Businesses.com.au
A+ R A-

Australian Cyber Security Centre Conference

E-mail Print PDF


CANBERRA 22 April 2015. Can I acknowledge a few people, can I acknowledge Major General Stephen Day, Coordinator of the Australian Cyber Security Centre, Dr Margot McCarthy, the Associate Secretary of the Department of the Prime Minister and Cabinet, can I particularly acknowledge our distinguished international visitors including Elly van den Heuvel, Secretary to the Dutch Cyber Security Council, Mr Jonathan Couch of iSIGHT Partners, Ms Marcelle Lee of the Anne Arundel Community College CyberCenter in Maryland and I thank them in particular and others who have come from elsewhere in the world travelling to participate in this inaugural Australian Cyber Security Conference.

As the Minister responsible, with shared responsibility for the Australian Cyber Security Centre and more generally with responsibility for National Security, including the protection and resilience of Australia’s critical infrastructure, cyber security is a key concern for me and my portfolio.

Cyberspace is no longer a separate ‘online’ environment but completely pervasive and relied on in virtually everything we do in our everyday lives.

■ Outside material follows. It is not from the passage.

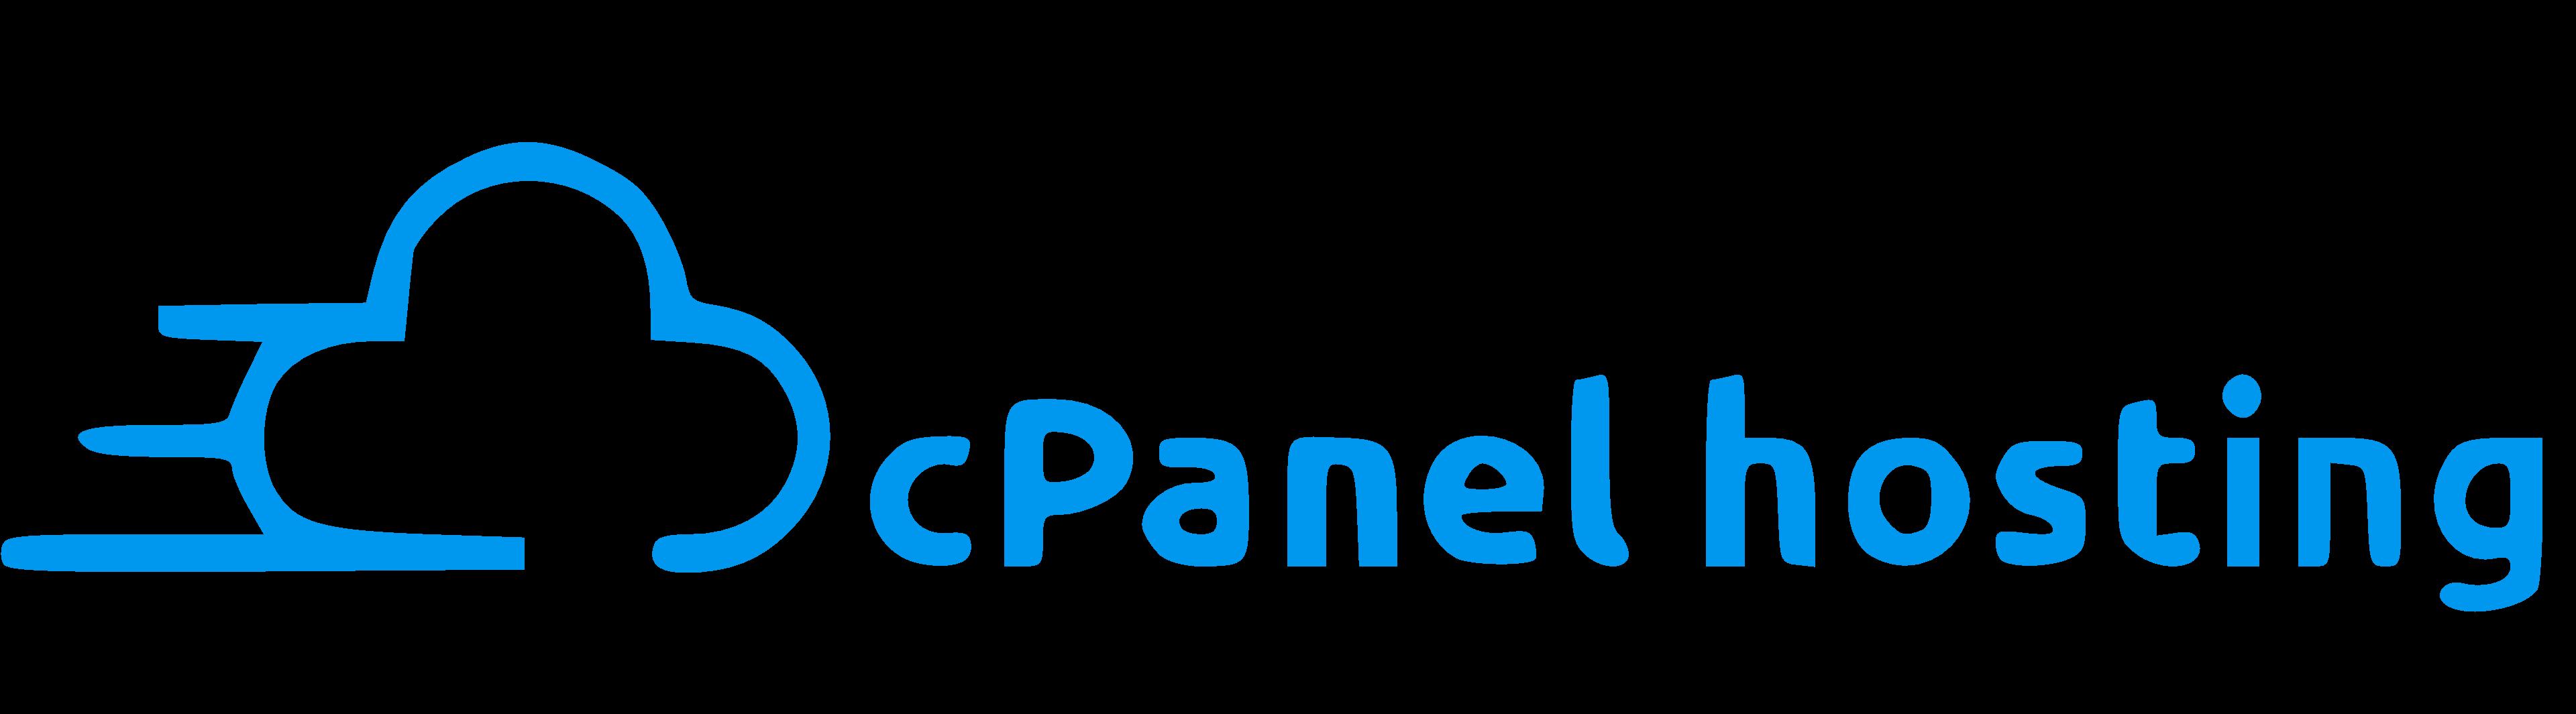 cPanelhosting UPDATE: 2020-12-27 - новый ISP Billmanager 6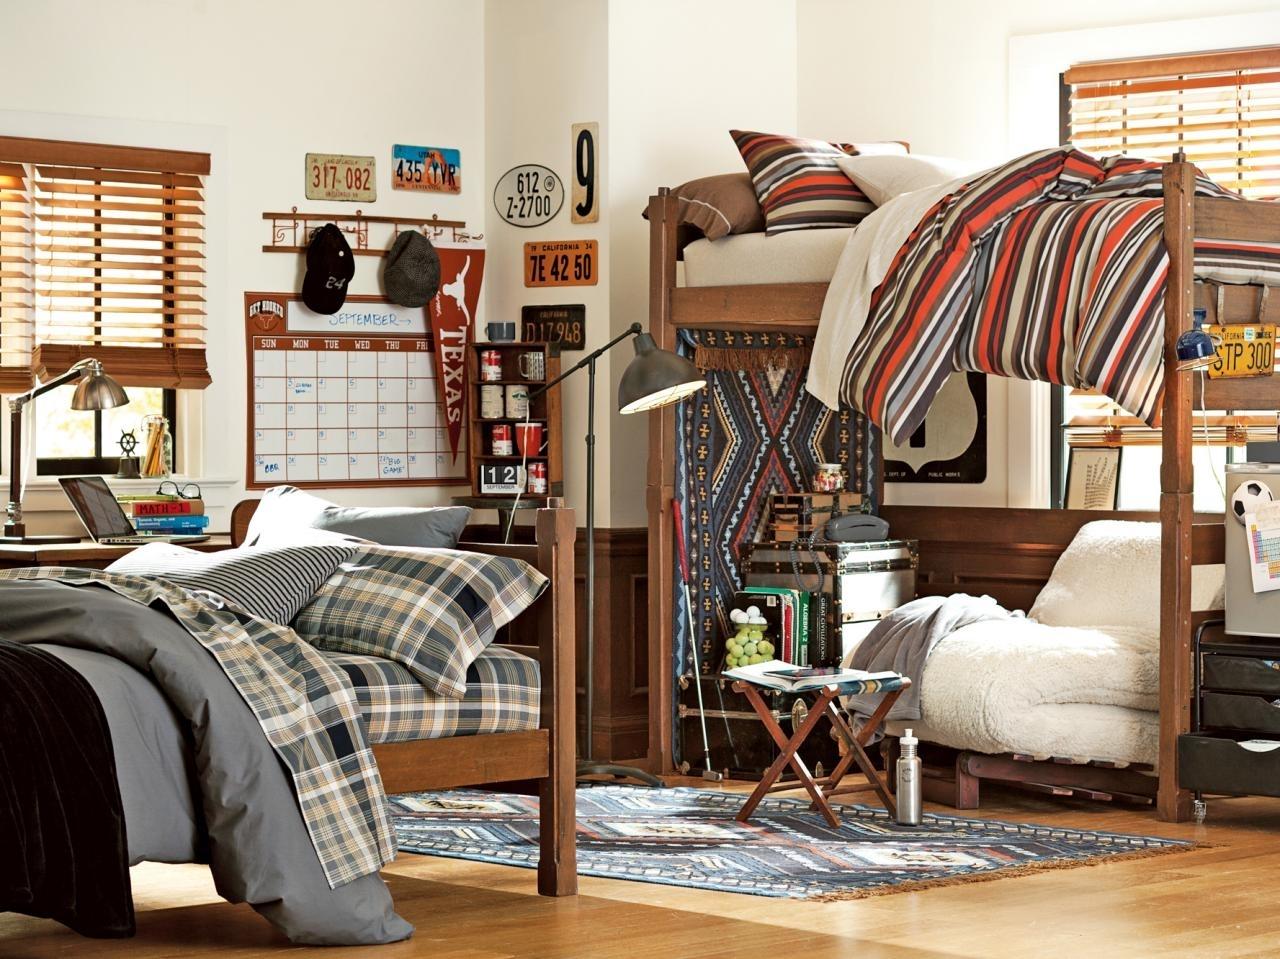 10 Gorgeous Dorm Room Ideas For Guys %name 2020

And that’s why effective cyber security underpins confidence in our financial transactions, the accessibility of information and the reliability of critical infrastructure such as our electricity, telecommunications, even our road systems. In the digital age, the Australian economy has become reliant on cyberspace for continued growth and, therefore, strong cyber security is a necessary underpinning of economic security and national security.

You are no doubt aware of the sentiment articulated by the former FBI Director, Robert Mueller, who said, “there are only two types of companies: those that have been hacked and those that will be hacked. Even that is merging into one category: those that have been hacked and will hacked be again.”

Cyber criminals routinely target Australian businesses and citizens to steal information that can be turned in to a profit. In 2013, it was estimated the global cost of malicious cyber activity, including cybercrime, is between AU$365 billion and AU$1.2 trillion. Last year, CERT Australia – within my Department – helped businesses to respond to more than 11,000 cyber incidents. Those are staggering figures.

The traditional distinctions between the various different types of cyber actors, their skills and tools, and even their motivations, are blurring. We no longer have neat divisions between State and non-State actors, with cyberspace being used for political and military advantage as well as profit. Some malicious cyber actors have little respect for boundaries or jurisdictions and cannot easily be placed in a particular category or profile.

Across the world, some state actors are involved in cybercrime, while hacktivists are conducting activities in support of Governments, not just for their own ideological causes.

Many of the cyber tools that threaten government agencies are also used to target Australian businesses. The international market for cyber exploitation tools is growing and becoming more accessible. So it is up to us to make sure our response is just as agile and networked so that we can meet – and ultimately defeat – the threats that these malicious actors pose.

In 2002, Richard Clarke, the former special adviser to the President of the United States on cyber security, famously said “if you spend more on coffee than on IT security, then you will be hacked. What’s more, you deserve to be hacked.” Since then the government and the private sector have been investing heavily in cyber security. But now we are looking to the next frontier – how do we maximise that investment? For us, that is about moving the conversation to investment in partnerships, rather than merely talking about funding.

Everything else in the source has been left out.